5. Pourquoi l’UDC n’est pas perçue comme d’extrême droite
L’UDC poursuit cette normalisation des contenus haineux de manière de plus en plus routinière, et des représentant·es du parti font régulièrement parler d’elles et eux lorsqu’on leur découvre des liens avec des groupes d’extrême droite. Par exemple, l’ancien président de l’UDC Buchs, qui poursuit aujourd’hui son engagement auprès de la Junge Tat,[26] ou d’autres responsables qui partagent sur Internet la propagande néonazie de C18 et consorts.[27] Malgré cela, le parti parvient à être vu comme un parti populaire bourgeois car il a poussé à la perfection son jeu de la normalisation.
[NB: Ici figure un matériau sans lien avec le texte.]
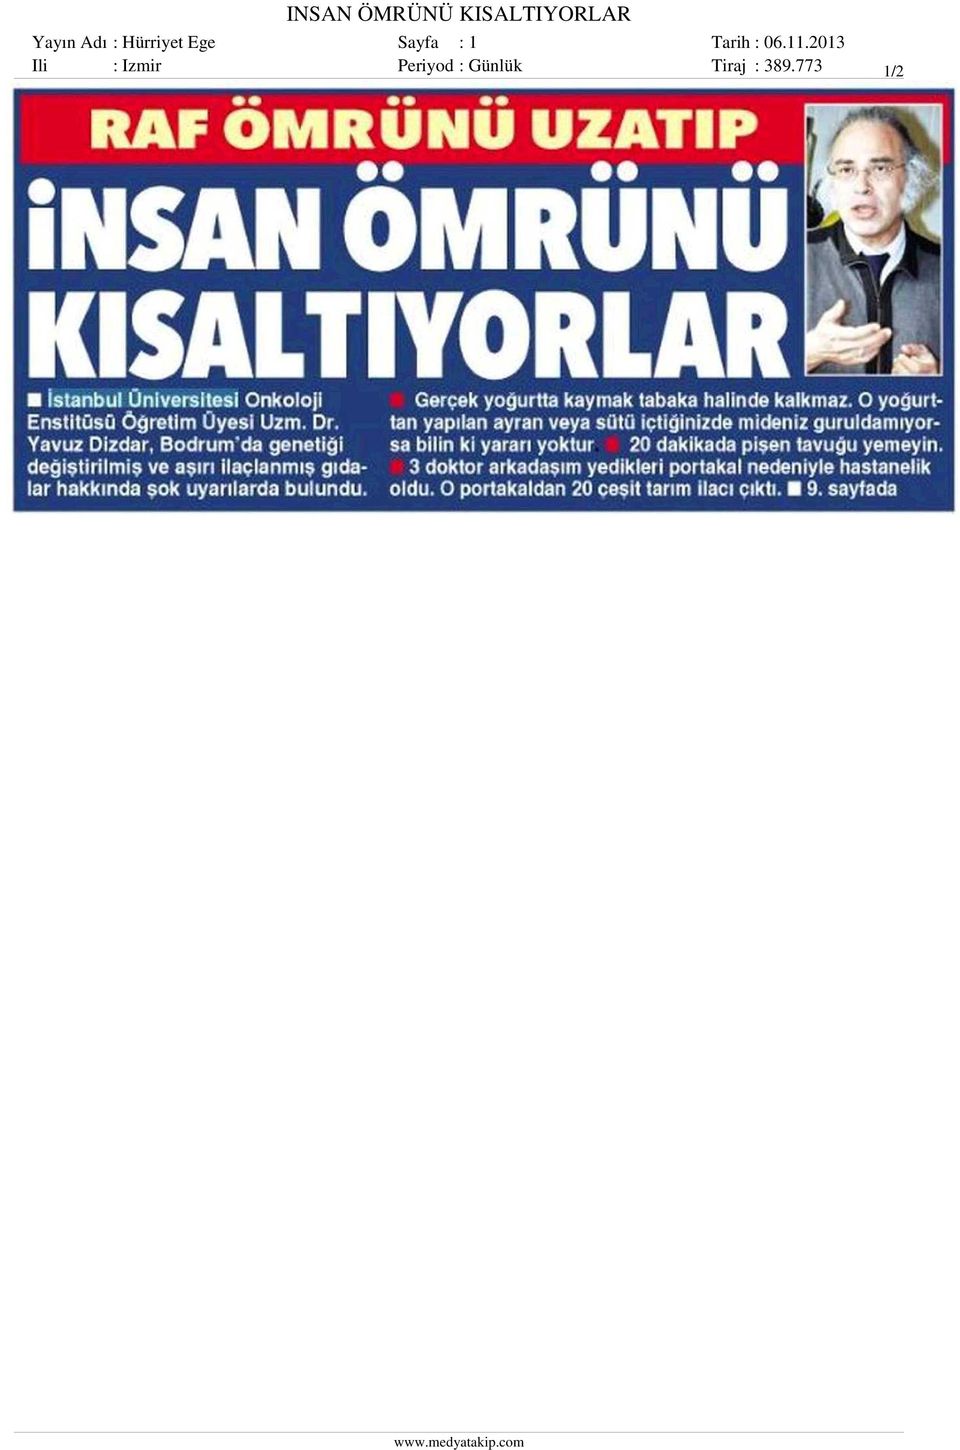 Sayfa : 1 Ili : Izmir

Sa taille et sa notoriété semblent donner au parti une carte blanche politique en ce qui concerne la diffusion et l’incitation à la haine. Ainsi, l’UDC n’hésite pas à se rapprocher de plus en plus de l’extrême droite dans sa communication. Pour beaucoup, cela ne pose aucun problème, car l’UDC est démocratiquement légitimée et largement soutenue. L’histoire italienne montre que l’inclusion de fascistes dans les structures démocratiques ne conduit pas à l’abandon du fascisme, le camp bourgeois ayant finalement élu au gouvernement le fasciste Mussolini.
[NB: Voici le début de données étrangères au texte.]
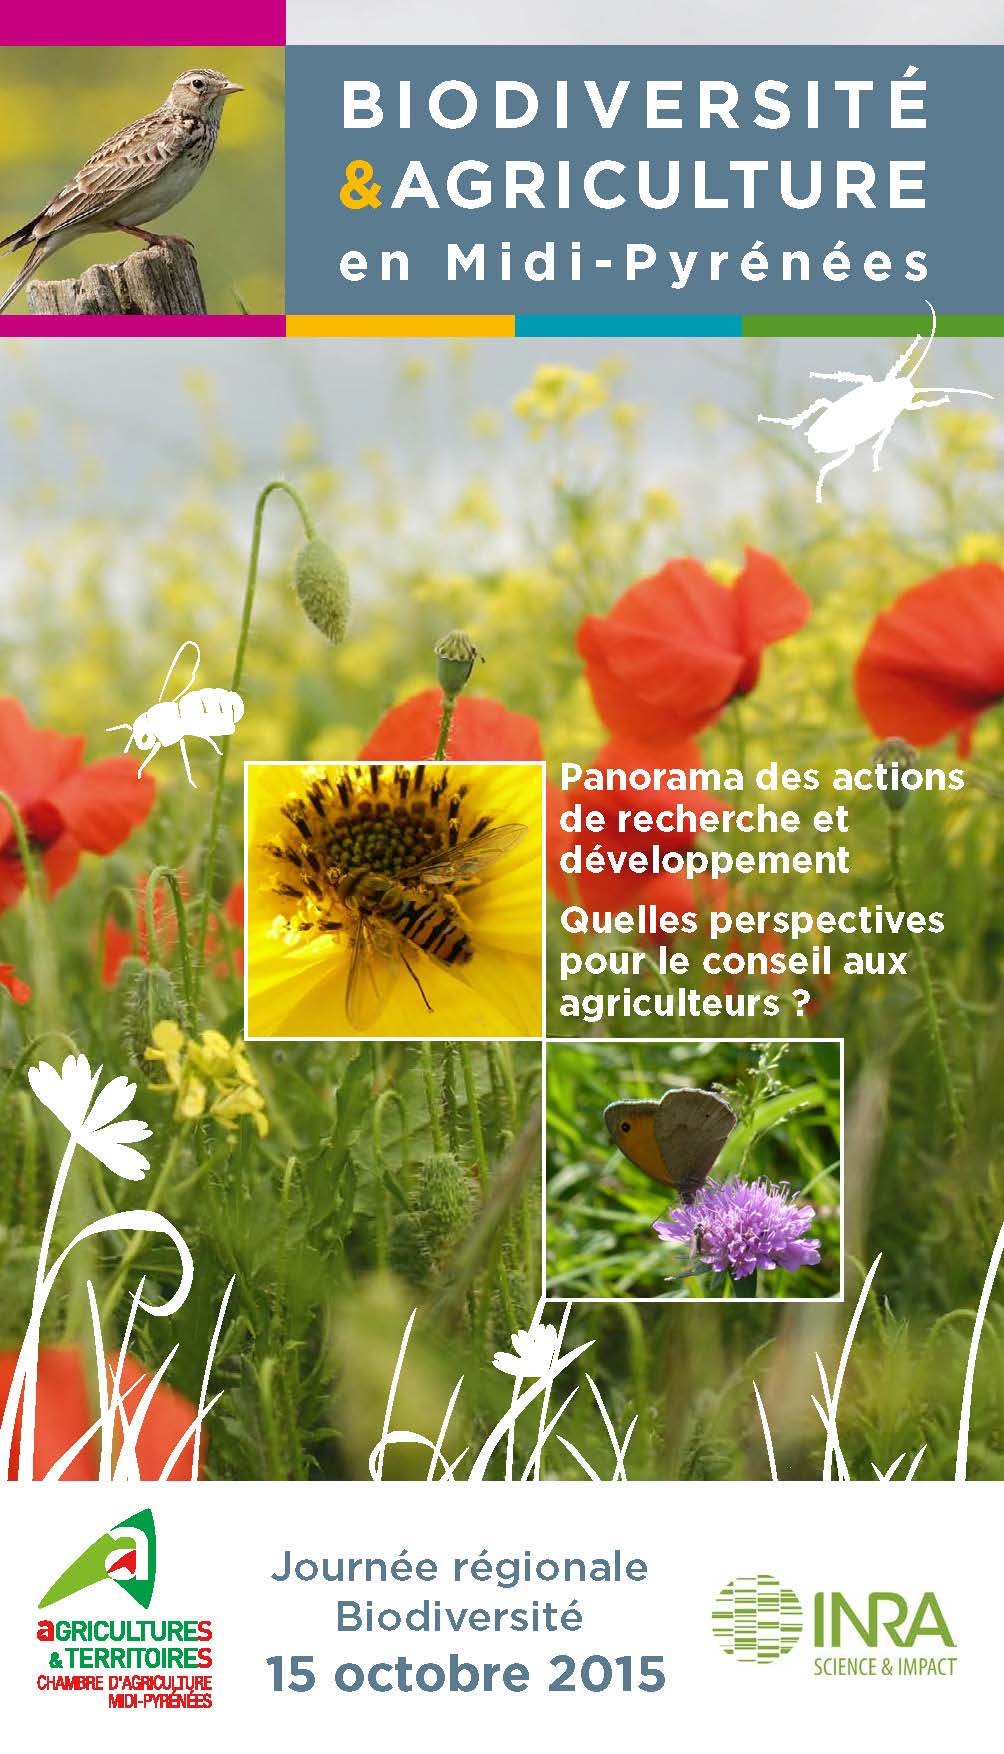 Biodiversité et Agriculture : panorama des actions de recherche et développement. Quelles perspectives pour le conseil aux agriculteurs ?

L’UDC provoque de plus en plus souvent avec une symbolique clairement nazie, comme l’affiche des vers pour les élections fédérales de 2019. Le motif utilisé ressemble à s’y méprendre à une caricature de l’ancien magazine SS « Der Stürmer »[28]. Mais après chaque « dérapage », ils et elles reviennent toujours sur leurs pas et/ou nient. Le style n’est pas non plus le même à tous les niveaux. Le ton est surtout donné par les représentant·es nationales·aux, qui se retrouvent aussi dans des associations « indépendantes » du parti comme le « Comité d’Egerkingen ». Le parti montre cependant une tout autre image de lui-même au niveau local et communal : les conseillères·ers communales·aux UDC sont souvent des membres bien intégré·es de la commune, qui défendent une position plus modérée et sont présent·es auprès des électrices·eurs UDC en tant qu’interlocutrices·eurs direct·es et figures de proue. Avec cette largeur d’écart politique au sein du parti, l’UDC instille une normalisation sans précédent des positions d’extrême droite. De plus, en raison de sa taille et de son succès, les partis bourgeois tentent de s’aligner sur l’UDC et d’adopter certaines de ses stratégies — ainsi, en cette année d’élections fédérales, le PLR s’associe à l’UDC dans plusieurs cantons importants et contribue par la même activement à diffuser les positions de l’extrême droite jusqu’au cœur de la société.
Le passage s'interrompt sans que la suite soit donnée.